The Voice of the Silence 3 (Verses 33-50)
John Algeo – USA
The next four verses (33-36) of The Voice of the Silence continue to develop the theme of the three Halls, but introduce new metaphors for them: darkness, deceptive light, true light, and the stormy sea of life: “[33] That which is uncreate abides in thee, disciple, as it abides in that Hall [of Wisdom]. If thou wouldst reach it and blend the two [the create and uncreate], thou must divest thyself of thy dark garments of illusion. Stifle the voice of flesh, allow no image of the senses to get between its light and thine that thus the twain may blend in one. And having learnt thine own ajnana, 21 flee from the Hall of Learning. This Hall is dangerous in its perfidious beauty, is needed but for thy probation.
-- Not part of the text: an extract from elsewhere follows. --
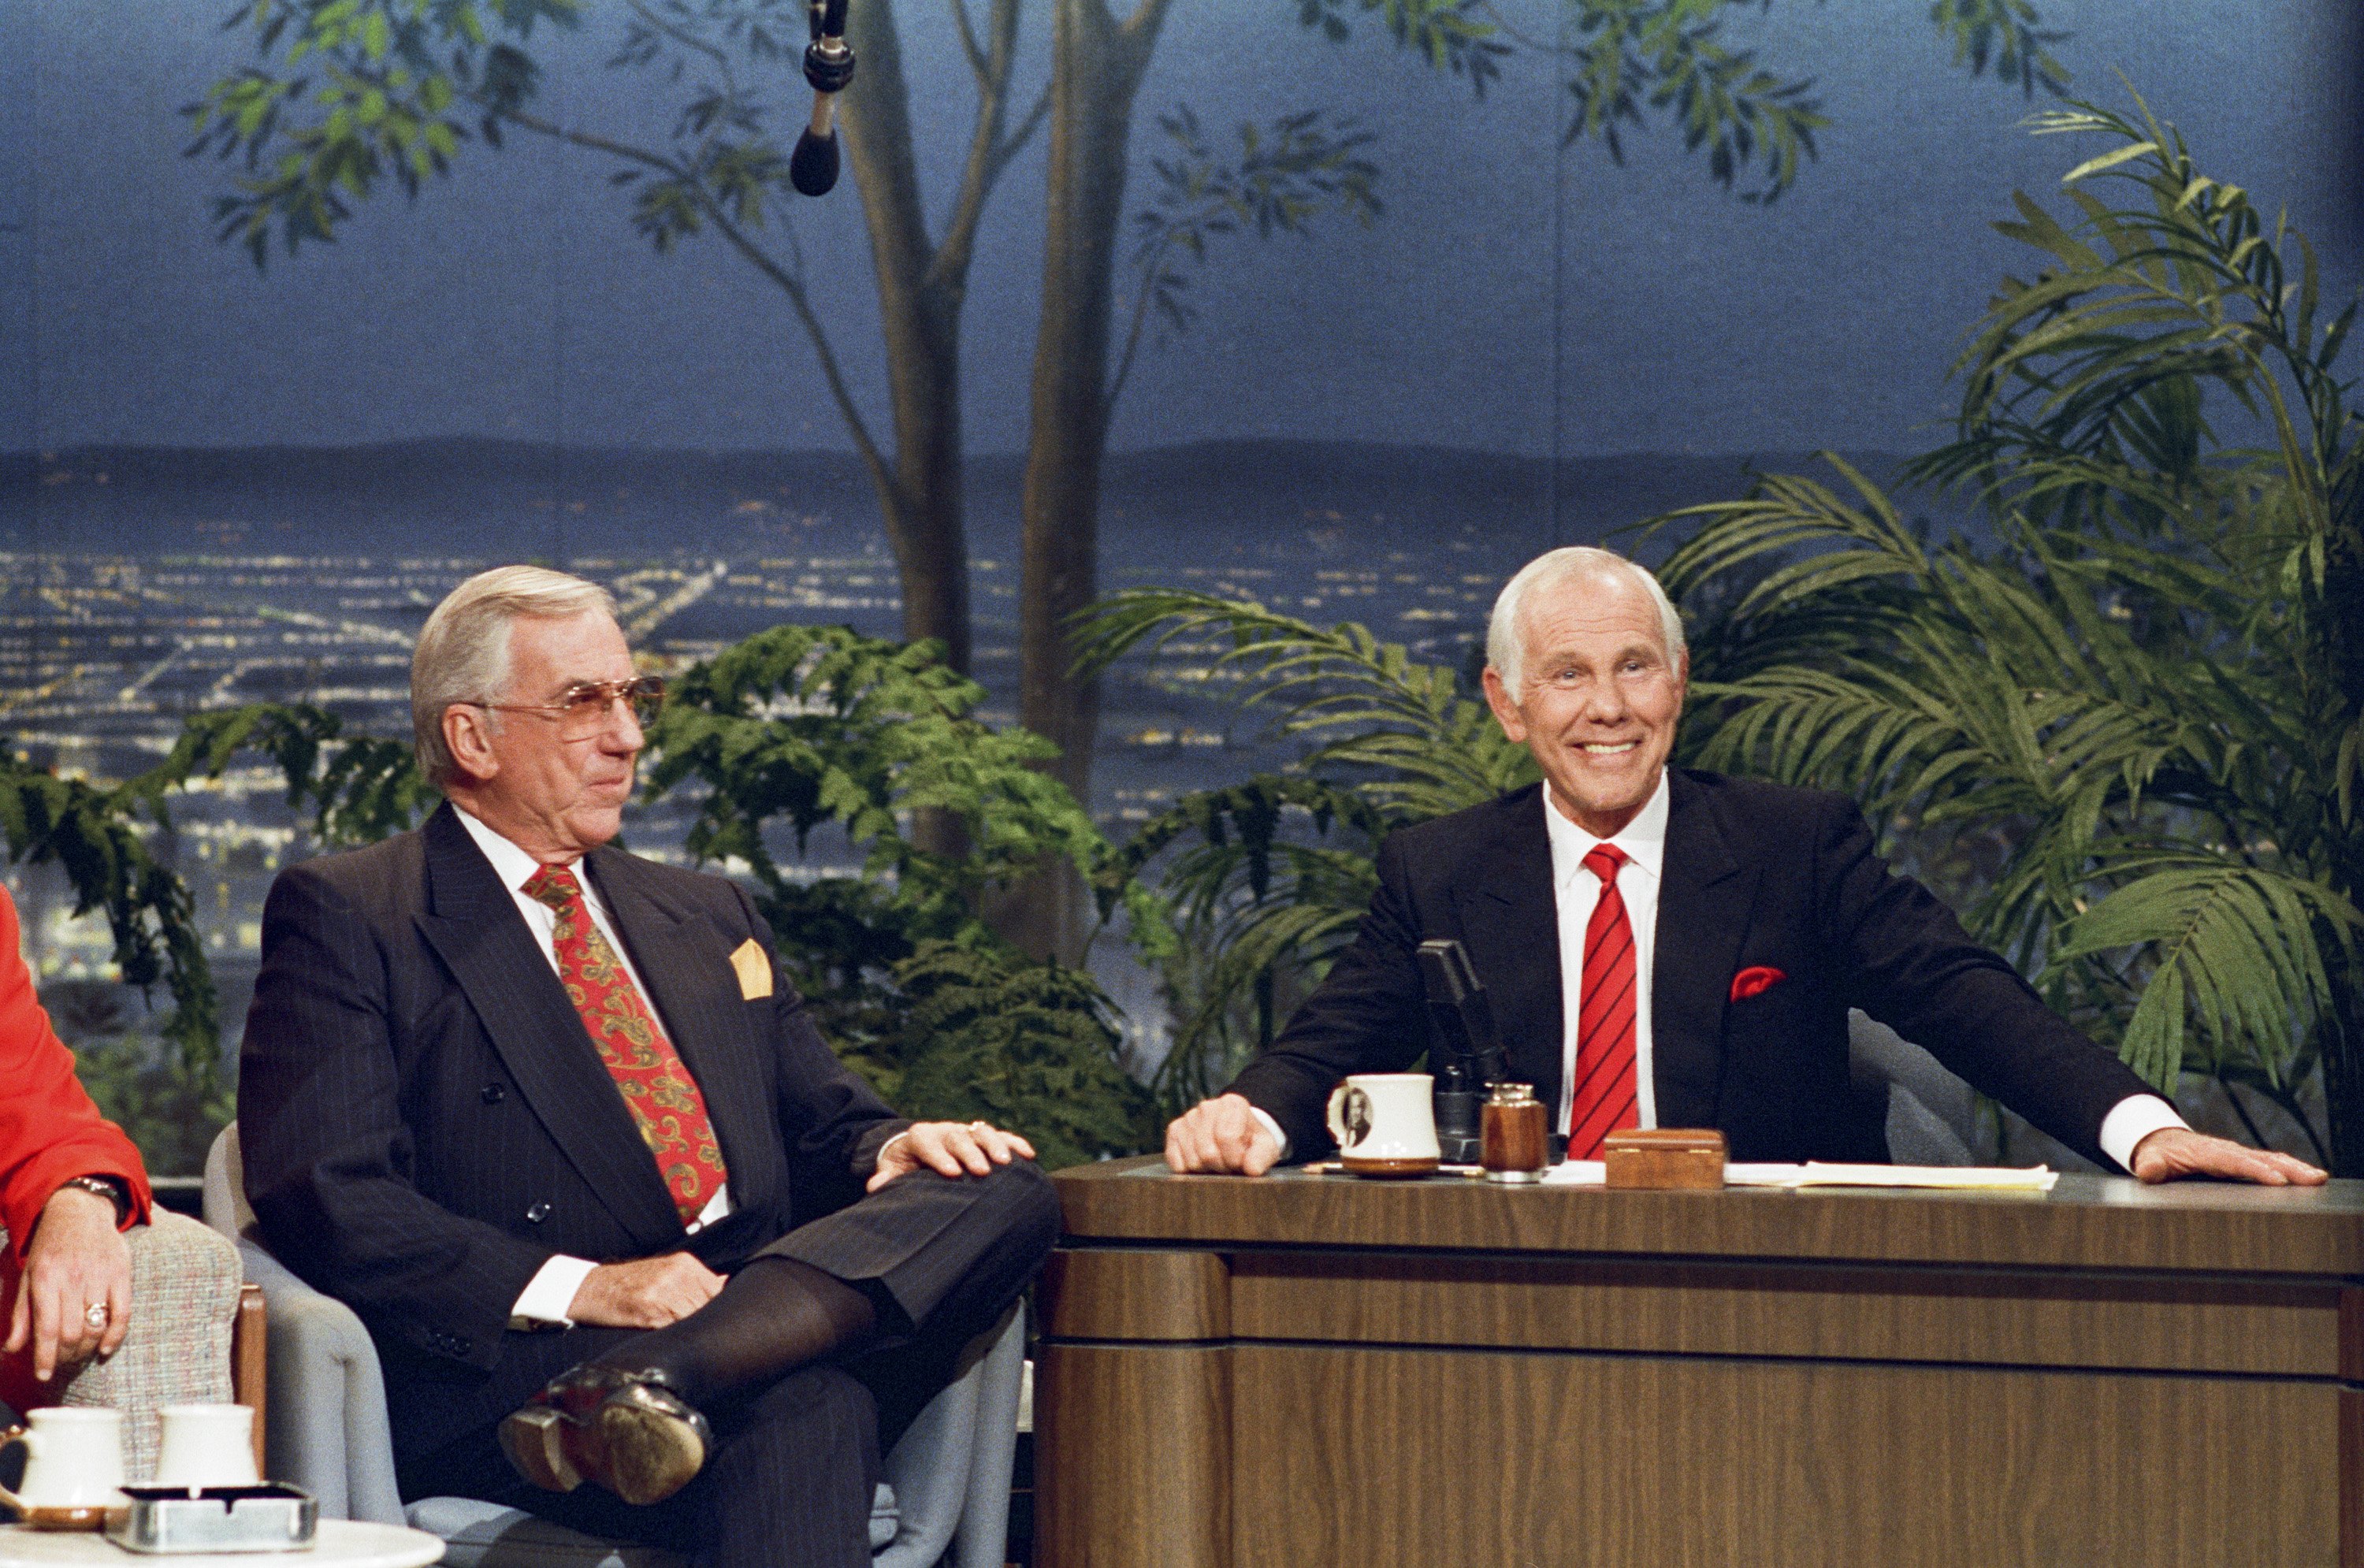 Johnny Carson and co-host Ed McMahon on "The Tonight Show Starring Johnny Carson" | Source: Getty Images

Beware, lanoo, lest dazzled by illusive radiance thy soul should linger and be caught in its deceptive light. [34] This light shines from the jewel of the great ensnarer (Mara). 22 The senses it bewitches, blinds the mind, and leaves the unwary an abandoned wreck. [35] The moth attracted to the dazzling flame of thy night-lamp is doomed to perish in the viscid oil. The unwary soul that fails to grapple with the mocking demon of illusion will return to earth the slave of Mara. [36] Behold the hosts of souls. Watch how they hover o’er the stormy sea of human life, and how, exhausted, bleeding, broken-winged, they drop one after other on the swelling waves. Tossed by the fierce winds, chased by the gale, they drift into the eddies and disappear within the first great vortex.”
Note 21: “Ajnana is ignorance or non-wisdom, the opposite of ‘knowledge’ or jnana.” Jnana, from the root jna (cognate with English know), denotes “irrefutable intuition,” a knowledge based on direct experience and thus beyond question for the one who experiences it. The Hall of Learning offers the possibility of passing from ignorance to wisdom. But it also has all the dangers associated with learning. As the eighteenth-century poet Alexander Pope wrote, “A little learning is a dangerous thing.” The most important thing to learn in the middle hall is that we are ignorant of who we are. An awareness of our own ignorance is the beginning of wisdom. We cannot learn until we realize that we do not know.